Hi
What is the difference between using the fstream library to read a file....and using something like a procedure below using the FILE* object?

There seems to be two ways to read a file?

Thanks

    /* FEOF example */
        #include <stdio.h>

        int main()
        {
           FILE * pFile;
           char buffer [100];

           pFile = fopen ("myfile.txt" , "r");
           if (pFile == NULL) perror ("Error opening file");
           else
           {
             while ( ! feof (pFile) )
             {
               if ( fgets (buffer , 100 , pFile) == NULL ) break;
               fputs (buffer , stdout);
             }
             fclose (pFile);
           }




   return 0;
}

The FILE* way of reading from a file is just the legacy that was inherited from C. The C++ language was developed with the aim of largely keeping compatibility with C (i.e., C is nearly a subset of C++, with only minor incompatibilities). This means that the entire C standard library is included in the C++ standard library, and in C++, they are preceeded with a "c", as in <cstdlib>, <cmath>, <cstdio>, etc... This is why there are a number of things that are repetitive. By and large, you should just try to stick to "real C++" libraries, like the iostream library.

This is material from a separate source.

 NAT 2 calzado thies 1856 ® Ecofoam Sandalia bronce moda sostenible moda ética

Another example of that is all the string functionality which you have for C-style strings (char*) in the C <cstring> library, but you should prefer using the C++ string library <string> and the std::string class.

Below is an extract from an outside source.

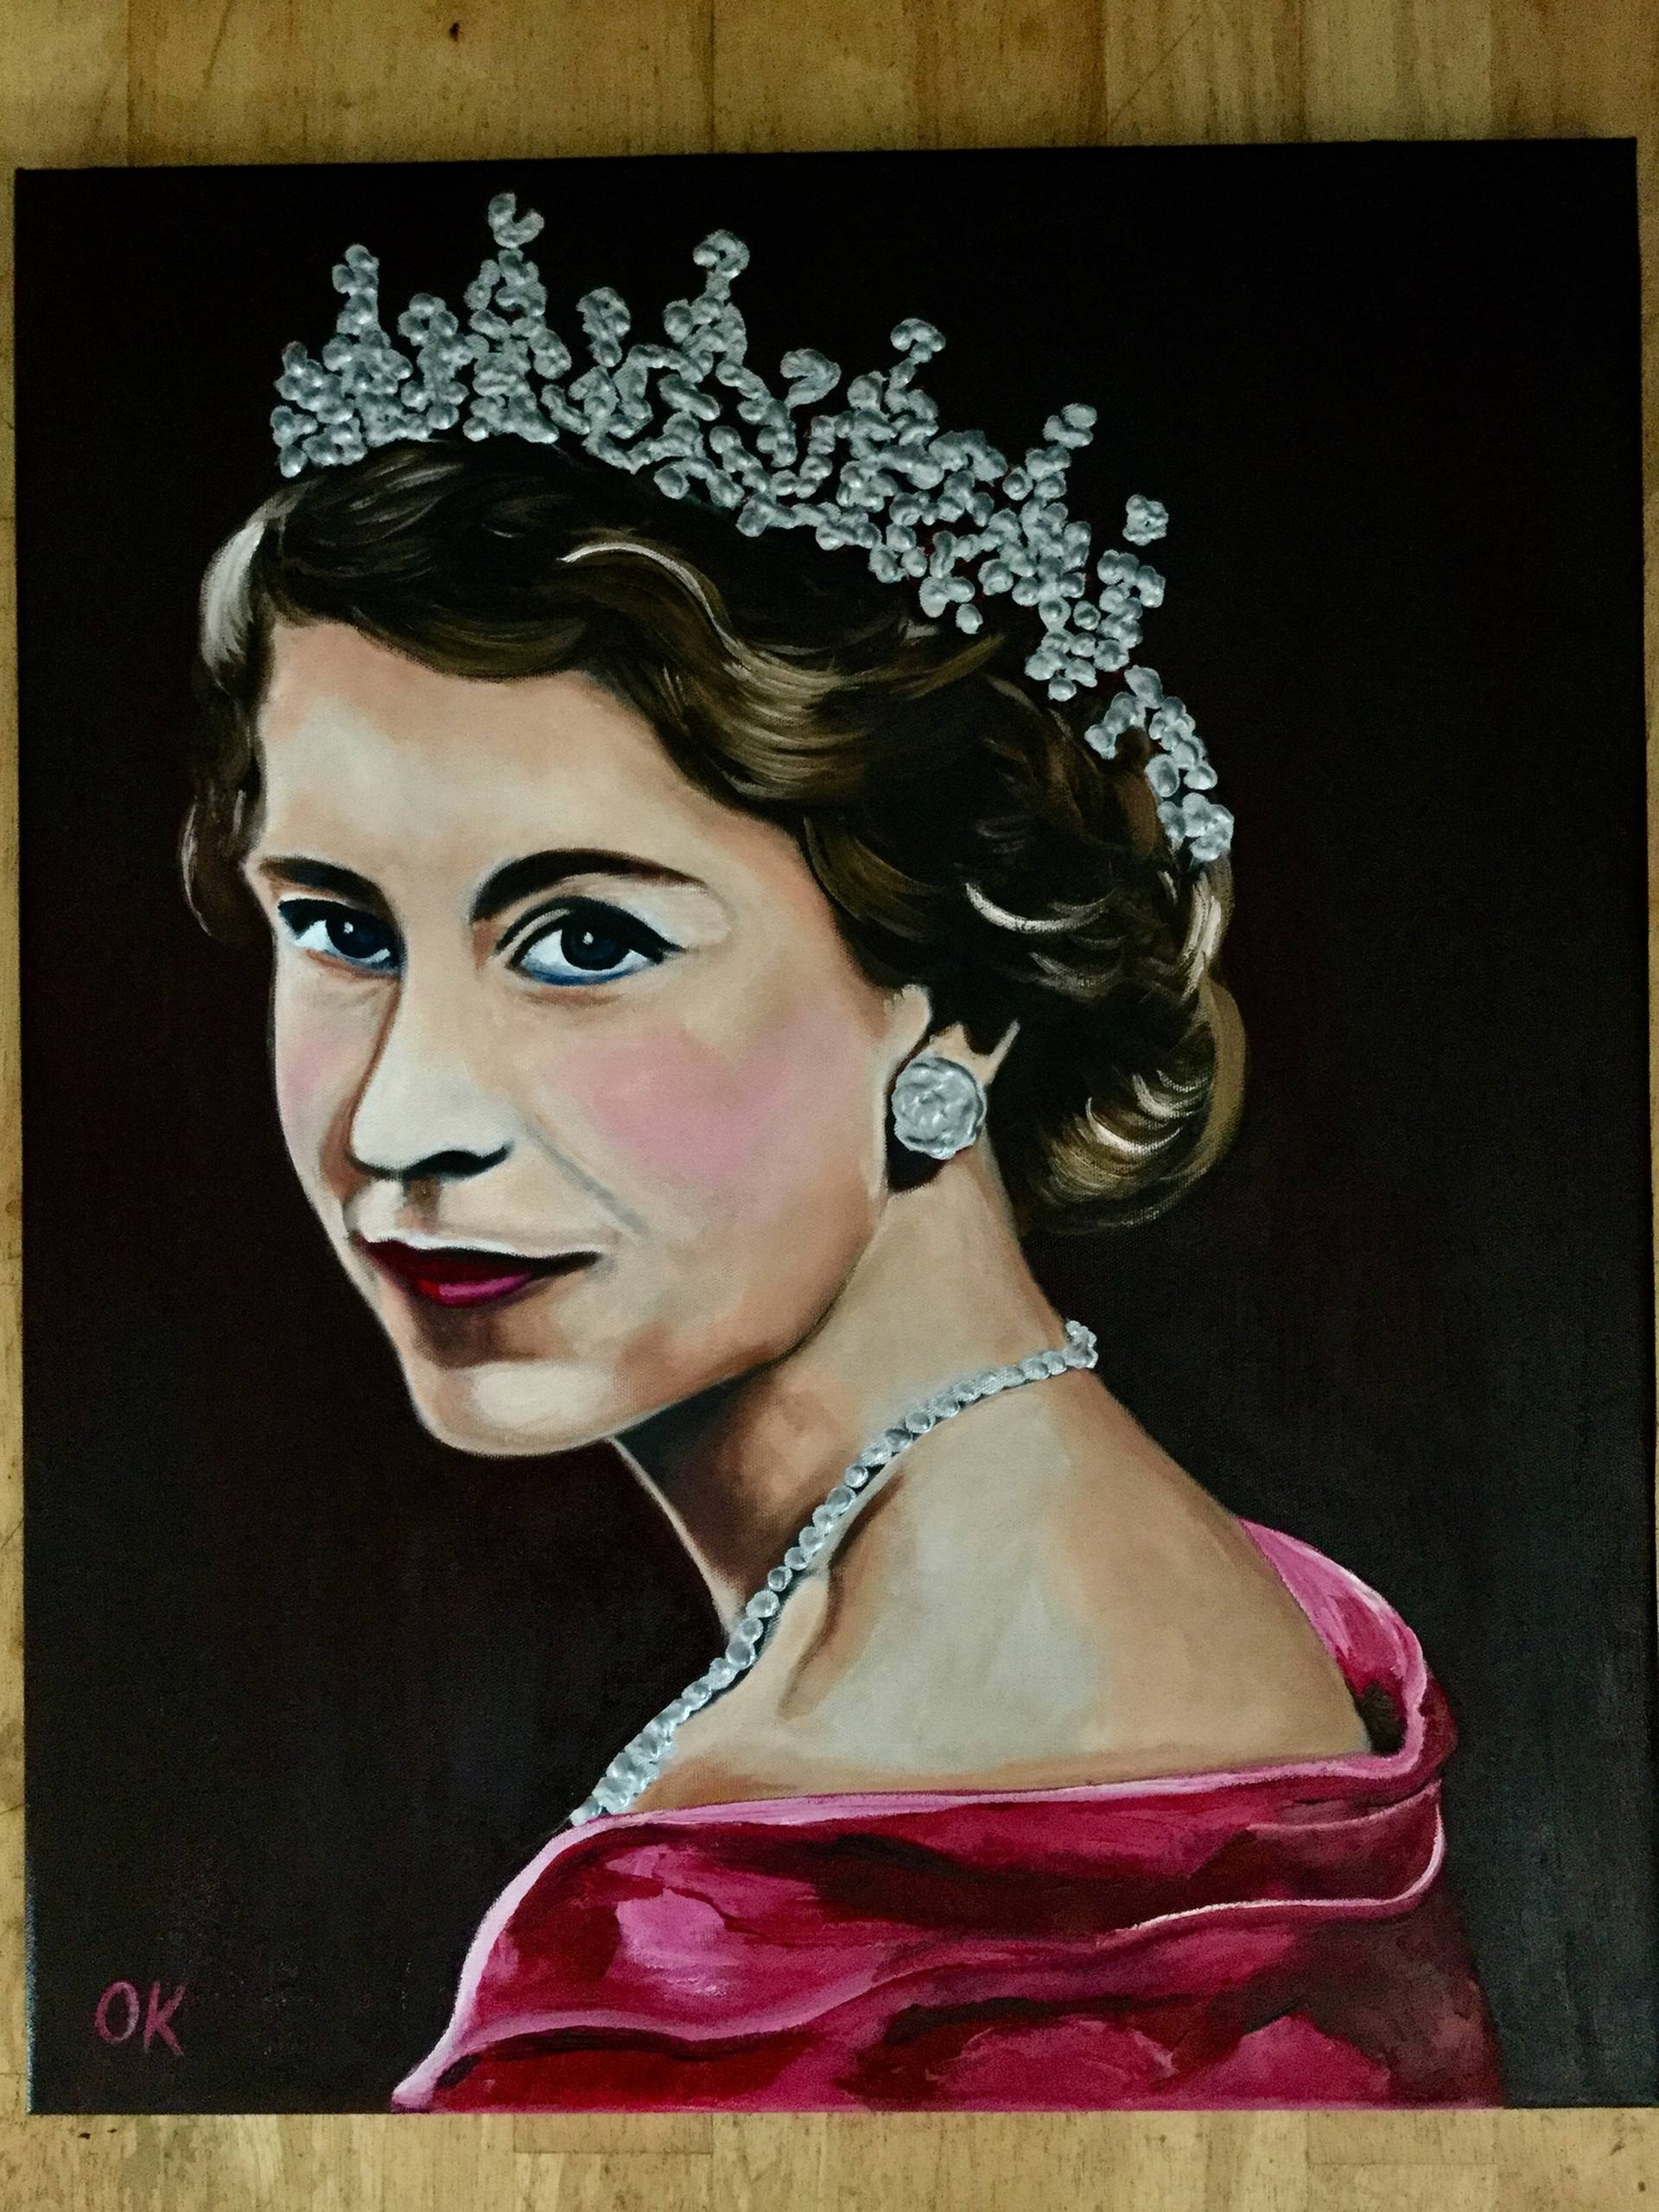 young queen elizabeth ii portrait

At this point (especially with C++11 additions), the only C library really worth using is <cmath>, which contains all those simple math functions like sine / cosine. Almost everything else has a better and easier-to-use equivalent in the C++ libraries.

And by the way, the code you posted is C code, not C++, although it is also valid C++ code (as I said, by compatibility). The C++ equivalent of that code is:

#include <iostream>
#include <fstream>
#include <string>

int main()
{

    std::ifstream file_in("myfile.txt");
    if( ! file_in.is_open() ) 
        std::cerr << "Error opening file" << std::endl;
    else
    {
        std::string buf;
        while( std::getline(file_in, buf) )
            std::cout << buf << std::endl;
    }

    return 0;
}

In terms of actual difference, I believe that the C-style file reading/writing has less buffering under-the-hood. However, this is not necessarily the case. All in all, there is no real difference in performance or whatever else, but, once you are used to doing C++, the C-style version seems archaic and ugly, like more C-style code.

Edited 3 Years Ago by mike_2000_17: added note

Comments
Very helpful answer.. Thanks

Thanks Mike. That is exactly what I was looking for. I really appreciate the C++ example you provided too.